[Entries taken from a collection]

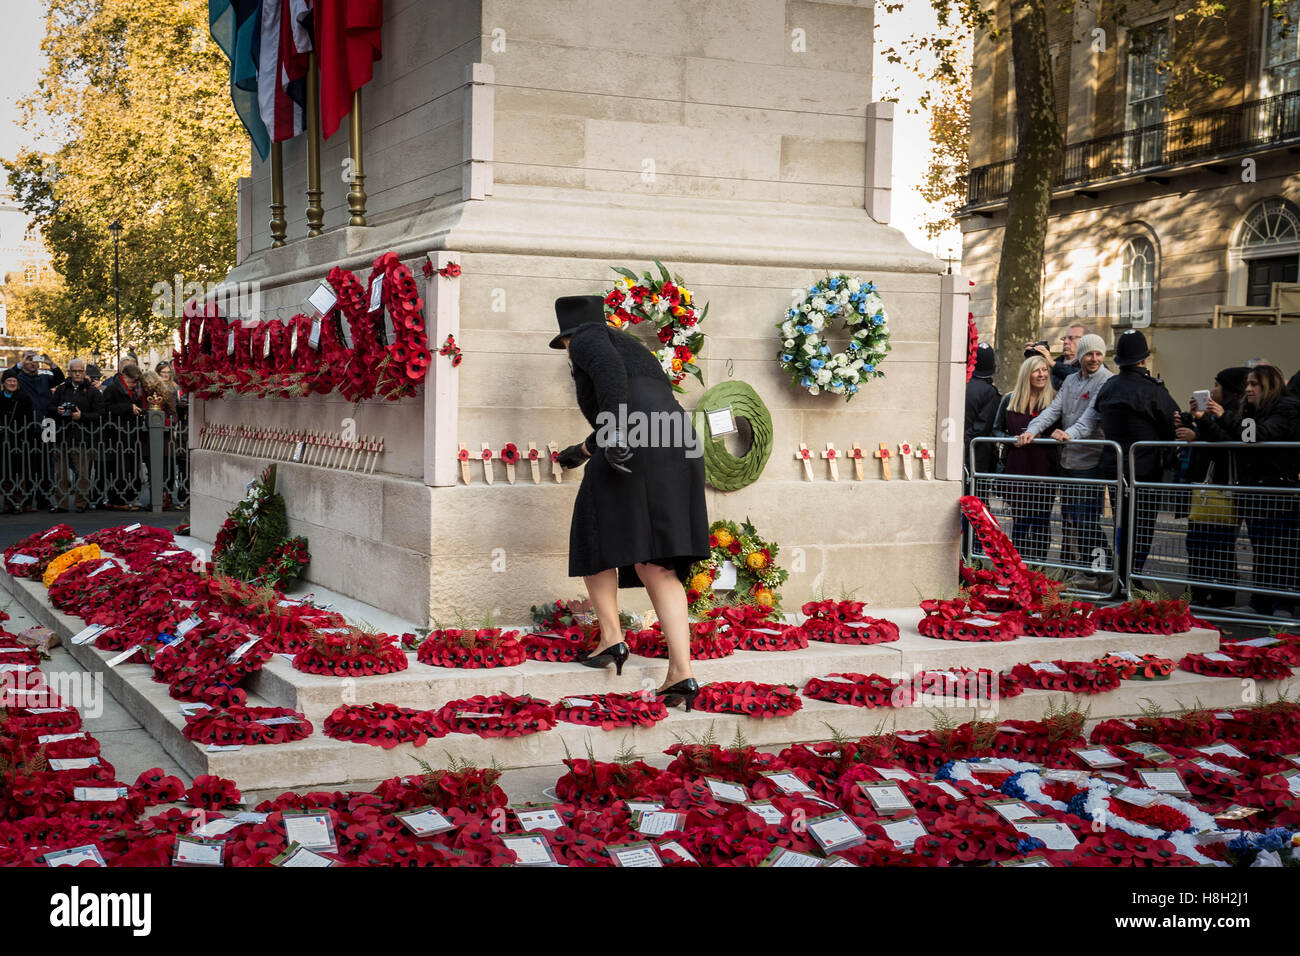 Londres, Reino Unido. 13 de noviembre de 2016. Día del Recuerdo amapola ofrendas florales en el cenotafio de Imagen De Stock
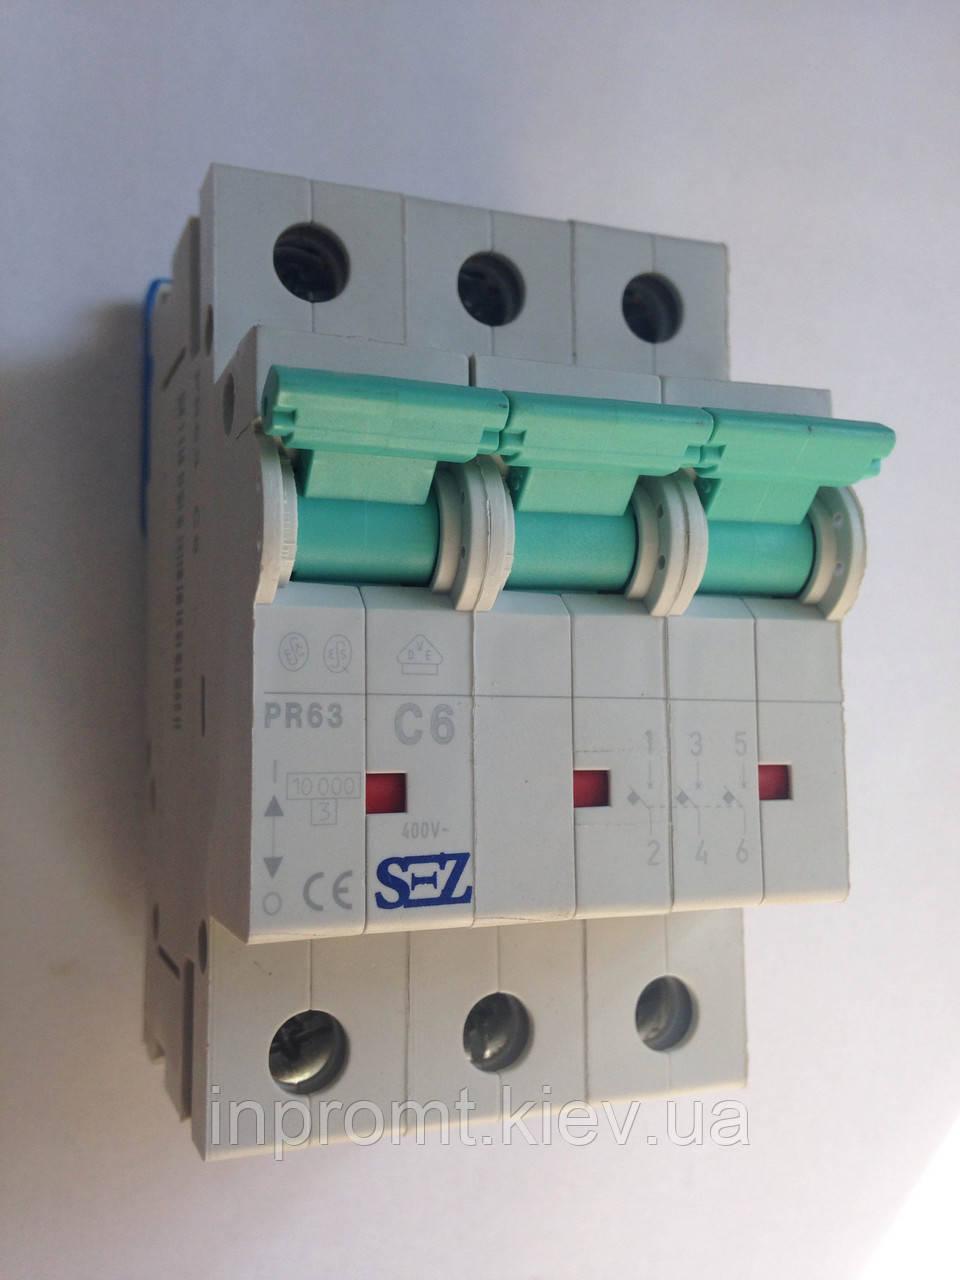 Автоматический выключатель PR63С6
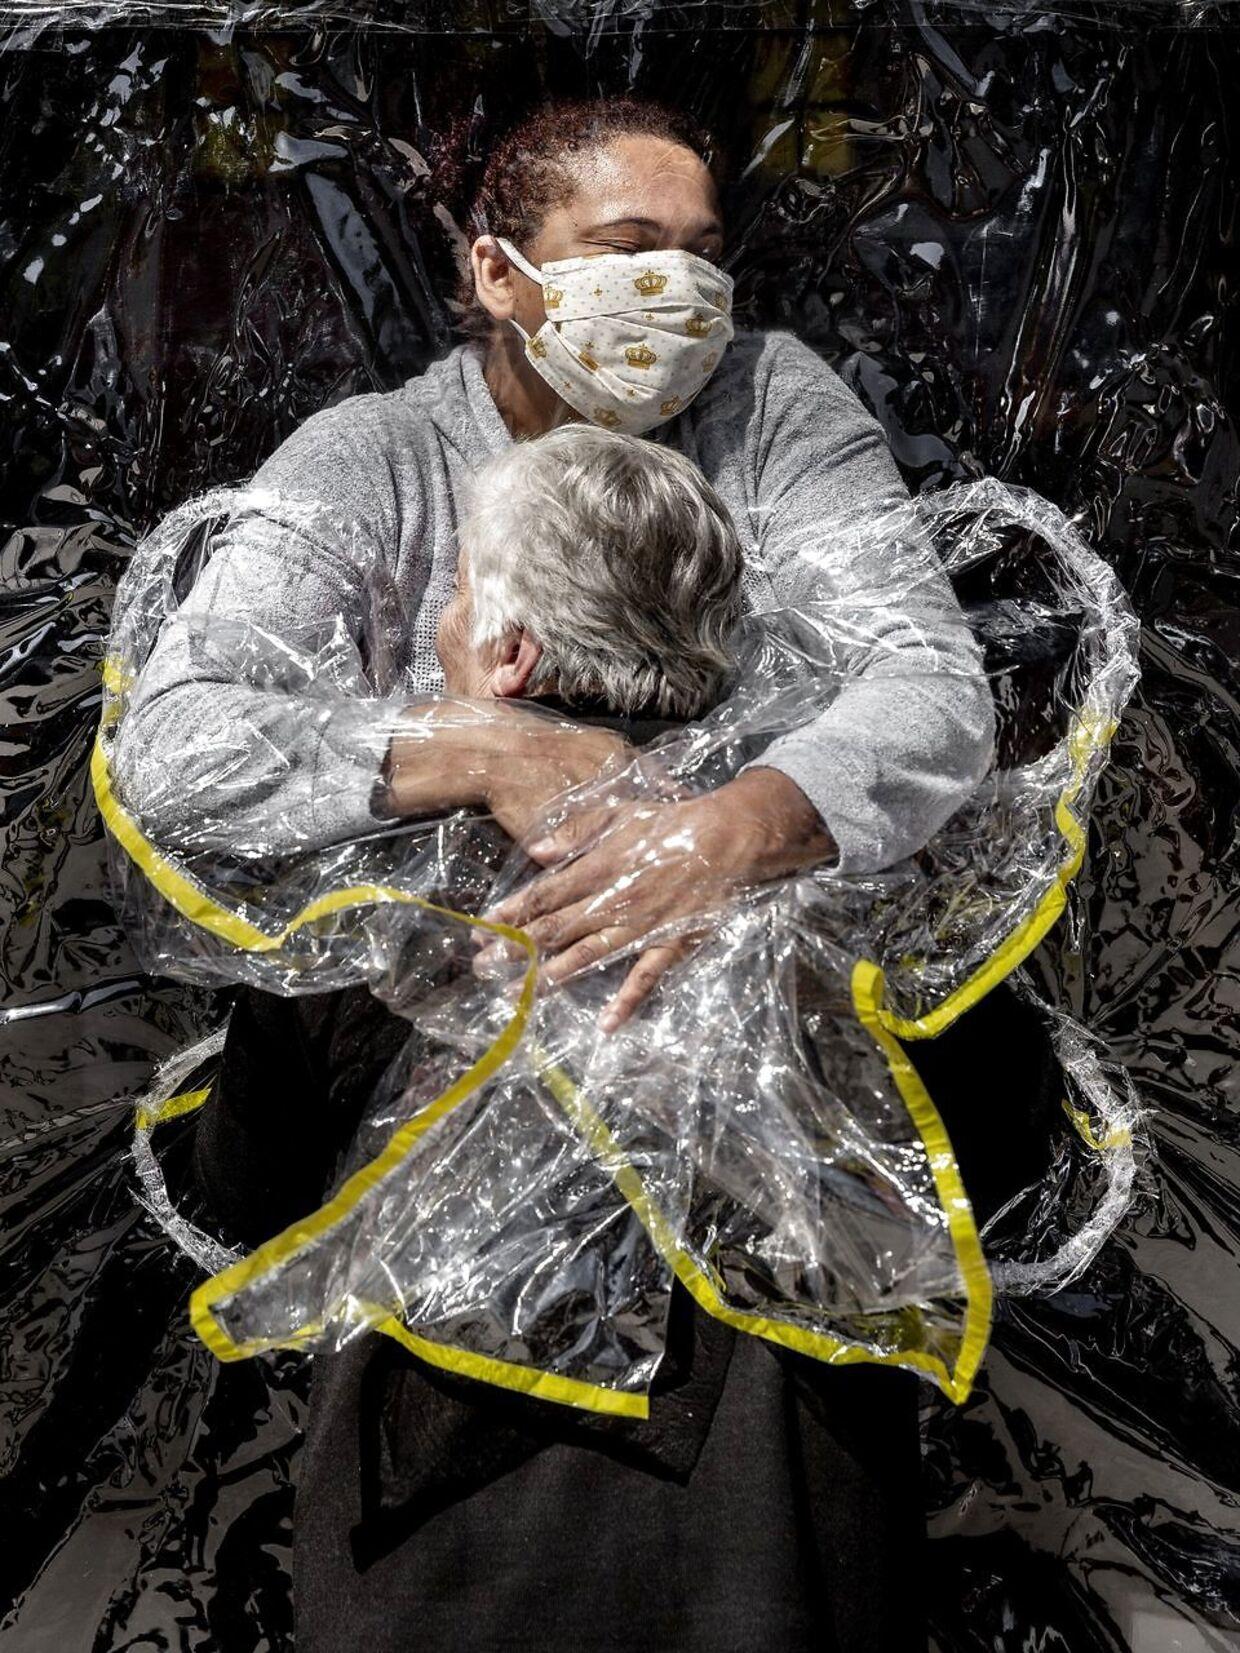 Billedet af Rosa Luzia Lunardi, på 85 år, der krammer sygeplejersken Adriana Silva da Costa Souza har vundet hæderen som årets bedste presse foto. Foto: Mads Nissen/Politiken/Ritzau Scanpix.
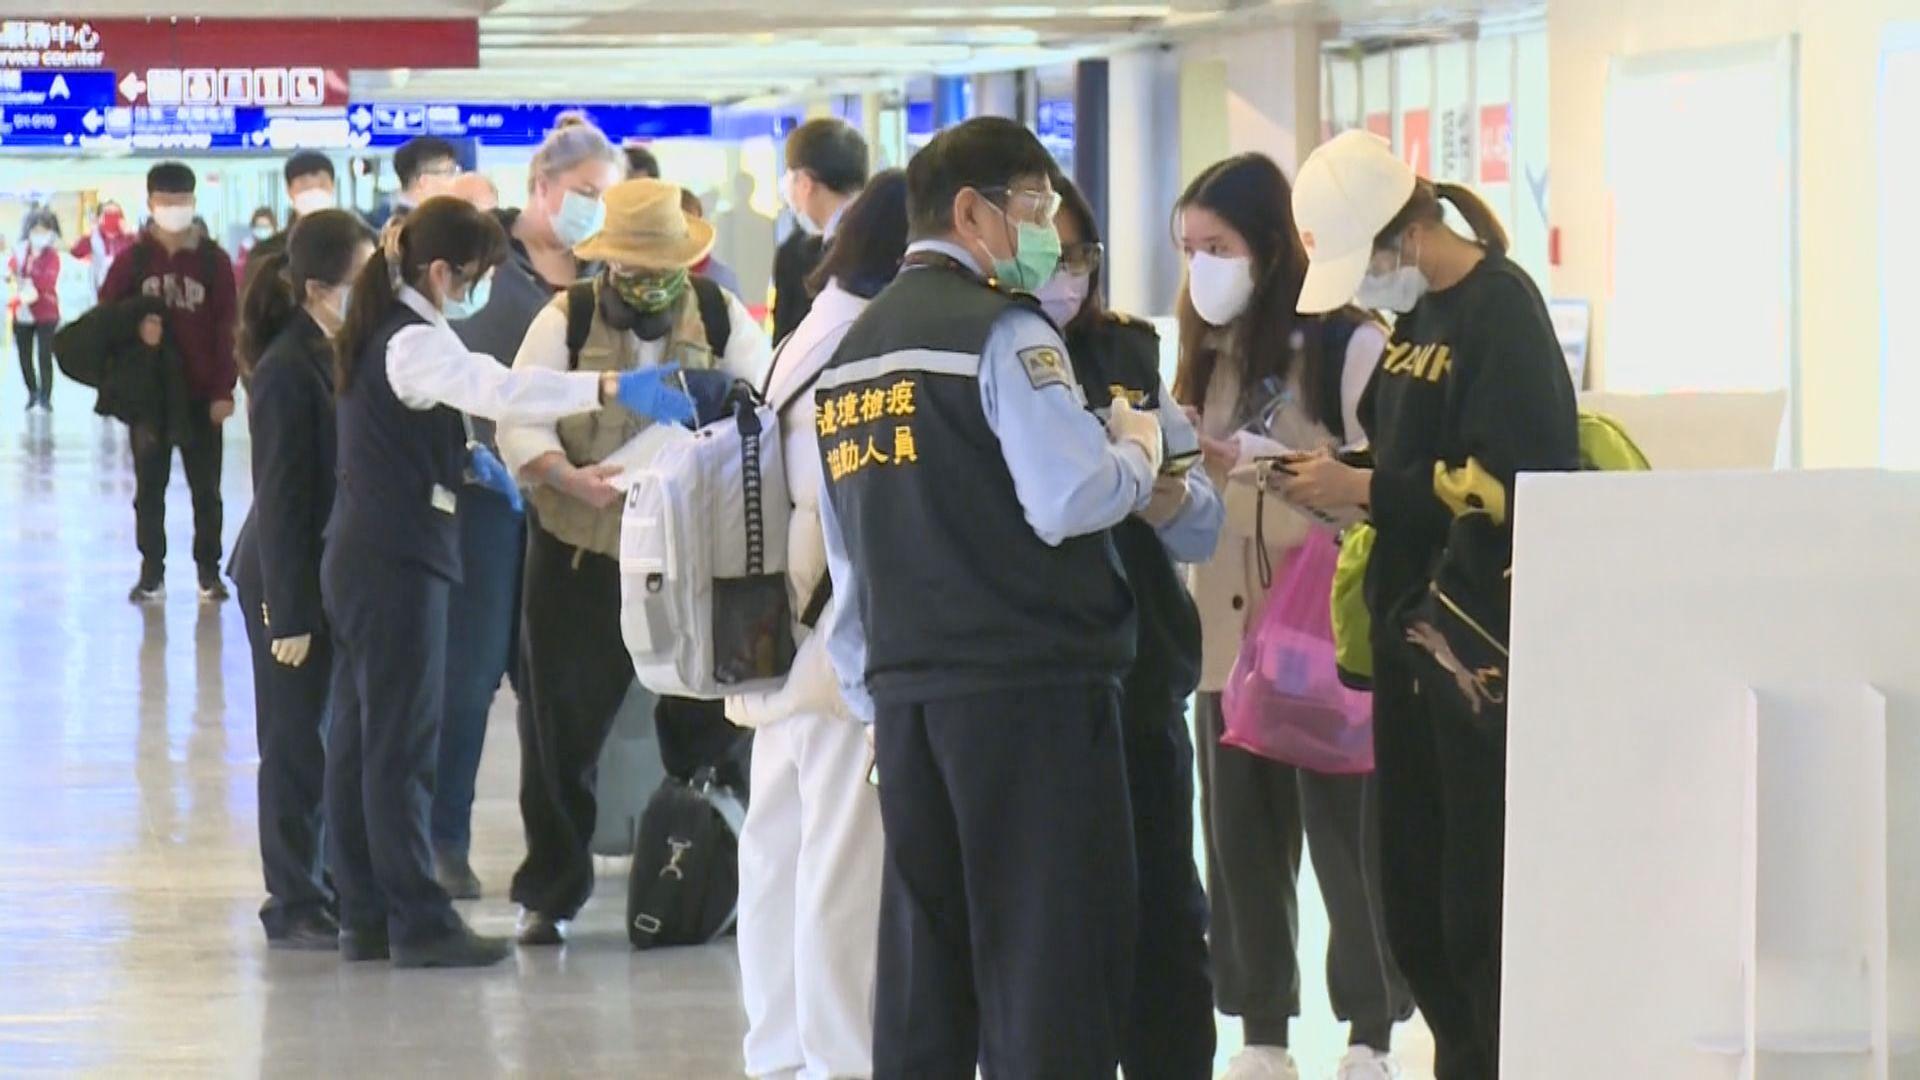 台灣恢復讓大陸商務人士申請入境
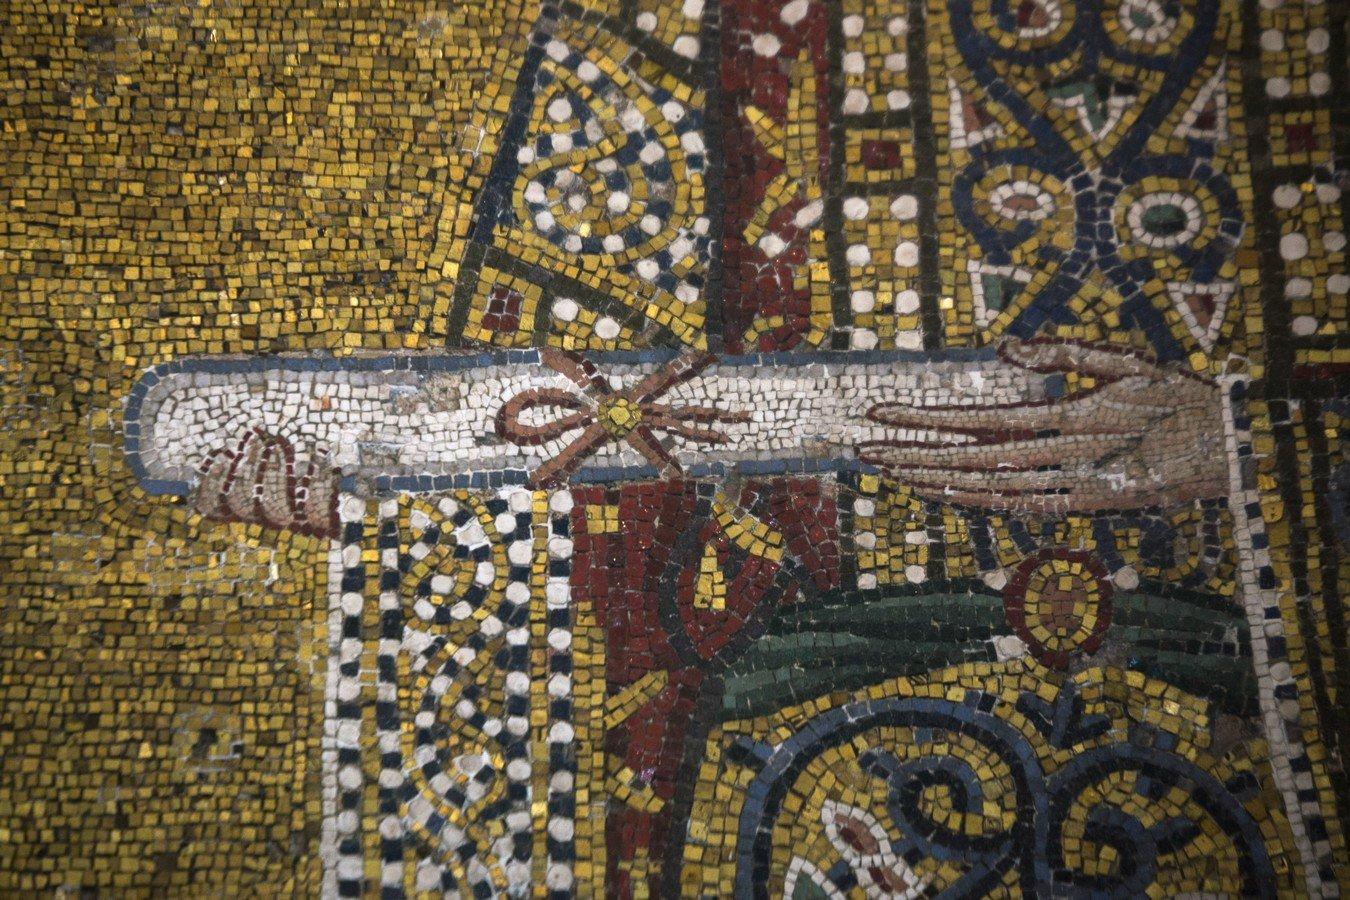 Пресвятая Богородица с Младенцем, император Иоанн II Комнин и Святая императрица Ирина-Пирошка, впоследствии схимонахиня Ксения. Мозаика Собора Святой Софии в Константинополе. 1118 год. Фрагмент.

- WORK ITEM
Reproduce the lines from the one holding "Billedet af Rosa" through the end of the entries above exactly, keeping both ends and dropping every picture.

- REPLY
 Billedet af Rosa Luzia Lunardi, på 85 år, der krammer sygeplejersken Adriana Silva da Costa Souza har vundet hæderen som årets bedste presse foto. Foto: Mads Nissen/Politiken/Ritzau Scanpix.
 台灣恢復讓大陸商務人士申請入境
 Пресвятая Богородица с Младенцем, император Иоанн II Комнин и Святая императрица Ирина-Пирошка, впоследствии схимонахиня Ксения. Мозаика Собора Святой Софии в Константинополе. 1118 год. Фрагмент.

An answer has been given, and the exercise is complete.